Aim of the exercise —
From the first line through the line containing "AMD Ryzen 5 2600 : Hapedut", transcribe the records exactly and include no other lines.

■ ■ ■ ■ ■

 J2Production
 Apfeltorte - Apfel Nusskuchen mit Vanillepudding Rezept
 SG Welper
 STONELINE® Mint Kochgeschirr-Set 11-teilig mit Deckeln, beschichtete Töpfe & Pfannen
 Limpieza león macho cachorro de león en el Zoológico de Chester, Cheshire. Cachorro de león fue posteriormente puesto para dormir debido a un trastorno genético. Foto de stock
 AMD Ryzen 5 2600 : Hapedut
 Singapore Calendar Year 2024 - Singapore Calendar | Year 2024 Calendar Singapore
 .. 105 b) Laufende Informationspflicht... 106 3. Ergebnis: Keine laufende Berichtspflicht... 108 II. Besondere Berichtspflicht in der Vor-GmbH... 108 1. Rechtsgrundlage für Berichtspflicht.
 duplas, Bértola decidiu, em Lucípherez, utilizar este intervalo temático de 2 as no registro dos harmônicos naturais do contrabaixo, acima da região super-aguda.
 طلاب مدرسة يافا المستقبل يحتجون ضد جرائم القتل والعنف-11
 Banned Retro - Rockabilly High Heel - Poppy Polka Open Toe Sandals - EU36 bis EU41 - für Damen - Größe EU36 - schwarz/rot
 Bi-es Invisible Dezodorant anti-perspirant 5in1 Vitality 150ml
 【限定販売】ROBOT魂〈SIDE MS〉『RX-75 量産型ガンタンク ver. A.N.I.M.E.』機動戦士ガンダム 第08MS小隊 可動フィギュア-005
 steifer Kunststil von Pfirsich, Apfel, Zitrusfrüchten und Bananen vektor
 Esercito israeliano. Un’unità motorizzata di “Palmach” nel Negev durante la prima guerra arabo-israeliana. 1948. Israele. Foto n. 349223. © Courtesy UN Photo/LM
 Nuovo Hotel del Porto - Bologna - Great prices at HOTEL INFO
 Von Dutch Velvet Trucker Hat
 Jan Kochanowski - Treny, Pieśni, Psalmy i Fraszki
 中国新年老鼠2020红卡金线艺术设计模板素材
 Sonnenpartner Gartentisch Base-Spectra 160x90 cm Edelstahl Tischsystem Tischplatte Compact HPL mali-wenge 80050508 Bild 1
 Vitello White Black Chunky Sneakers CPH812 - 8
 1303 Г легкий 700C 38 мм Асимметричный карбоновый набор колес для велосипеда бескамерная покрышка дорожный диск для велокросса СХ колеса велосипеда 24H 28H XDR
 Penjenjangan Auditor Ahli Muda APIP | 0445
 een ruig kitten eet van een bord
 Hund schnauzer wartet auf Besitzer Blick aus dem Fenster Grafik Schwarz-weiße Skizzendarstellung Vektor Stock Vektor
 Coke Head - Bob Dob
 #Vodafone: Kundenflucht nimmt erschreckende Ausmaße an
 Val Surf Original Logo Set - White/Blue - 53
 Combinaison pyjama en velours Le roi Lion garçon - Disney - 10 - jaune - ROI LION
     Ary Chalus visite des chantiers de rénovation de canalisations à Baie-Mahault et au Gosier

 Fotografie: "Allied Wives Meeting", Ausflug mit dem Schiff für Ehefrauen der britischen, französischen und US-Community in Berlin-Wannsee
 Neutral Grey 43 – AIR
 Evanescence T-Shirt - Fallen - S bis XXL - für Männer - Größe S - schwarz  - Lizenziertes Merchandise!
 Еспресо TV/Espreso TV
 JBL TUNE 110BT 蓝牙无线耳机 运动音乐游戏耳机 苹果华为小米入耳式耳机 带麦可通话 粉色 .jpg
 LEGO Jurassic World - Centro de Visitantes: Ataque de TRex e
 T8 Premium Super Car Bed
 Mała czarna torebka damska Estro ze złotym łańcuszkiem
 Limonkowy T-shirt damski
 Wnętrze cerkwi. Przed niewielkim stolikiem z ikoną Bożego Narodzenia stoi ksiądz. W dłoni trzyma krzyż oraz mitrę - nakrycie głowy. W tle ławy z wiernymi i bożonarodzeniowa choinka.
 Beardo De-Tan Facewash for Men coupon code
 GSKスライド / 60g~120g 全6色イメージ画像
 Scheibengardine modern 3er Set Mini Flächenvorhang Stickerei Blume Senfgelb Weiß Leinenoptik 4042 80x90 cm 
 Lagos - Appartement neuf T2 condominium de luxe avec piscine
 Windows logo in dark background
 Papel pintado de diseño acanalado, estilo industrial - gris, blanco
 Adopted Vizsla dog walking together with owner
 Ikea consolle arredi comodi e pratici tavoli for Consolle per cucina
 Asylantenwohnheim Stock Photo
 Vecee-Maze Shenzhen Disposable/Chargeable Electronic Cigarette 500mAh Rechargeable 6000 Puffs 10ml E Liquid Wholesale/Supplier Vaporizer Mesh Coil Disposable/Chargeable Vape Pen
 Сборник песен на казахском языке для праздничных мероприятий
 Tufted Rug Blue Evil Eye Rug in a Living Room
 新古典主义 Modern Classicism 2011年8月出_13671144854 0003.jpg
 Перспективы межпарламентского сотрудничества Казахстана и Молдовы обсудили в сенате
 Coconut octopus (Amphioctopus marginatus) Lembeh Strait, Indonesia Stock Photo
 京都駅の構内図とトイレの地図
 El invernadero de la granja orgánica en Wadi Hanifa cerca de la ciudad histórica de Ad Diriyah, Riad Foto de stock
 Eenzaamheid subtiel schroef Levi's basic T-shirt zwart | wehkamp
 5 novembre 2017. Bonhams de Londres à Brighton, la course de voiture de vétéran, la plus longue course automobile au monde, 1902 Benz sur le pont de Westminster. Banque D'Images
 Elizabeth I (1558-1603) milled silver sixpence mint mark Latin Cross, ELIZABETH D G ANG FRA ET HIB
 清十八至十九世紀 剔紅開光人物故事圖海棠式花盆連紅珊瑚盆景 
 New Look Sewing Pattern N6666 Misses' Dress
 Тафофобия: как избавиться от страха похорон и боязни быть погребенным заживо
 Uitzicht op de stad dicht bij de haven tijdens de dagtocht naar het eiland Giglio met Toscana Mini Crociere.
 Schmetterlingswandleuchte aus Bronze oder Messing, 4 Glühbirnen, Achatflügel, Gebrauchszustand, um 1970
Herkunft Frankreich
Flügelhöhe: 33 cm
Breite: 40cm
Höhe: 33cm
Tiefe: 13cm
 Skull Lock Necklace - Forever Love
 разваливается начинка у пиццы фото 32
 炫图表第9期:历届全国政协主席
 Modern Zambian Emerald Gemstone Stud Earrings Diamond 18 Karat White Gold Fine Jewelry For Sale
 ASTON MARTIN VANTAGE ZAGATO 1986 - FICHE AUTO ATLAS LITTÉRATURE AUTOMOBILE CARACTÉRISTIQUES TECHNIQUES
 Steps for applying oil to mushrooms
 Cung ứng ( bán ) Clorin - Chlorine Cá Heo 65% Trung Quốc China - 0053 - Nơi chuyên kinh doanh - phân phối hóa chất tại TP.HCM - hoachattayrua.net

■ ■ ■ ■ ■

Problem solution —
 J2Production
 Apfeltorte - Apfel Nusskuchen mit Vanillepudding Rezept
 SG Welper
 STONELINE® Mint Kochgeschirr-Set 11-teilig mit Deckeln, beschichtete Töpfe & Pfannen
 Limpieza león macho cachorro de león en el Zoológico de Chester, Cheshire. Cachorro de león fue posteriormente puesto para dormir debido a un trastorno genético. Foto de stock
 AMD Ryzen 5 2600 : Hapedut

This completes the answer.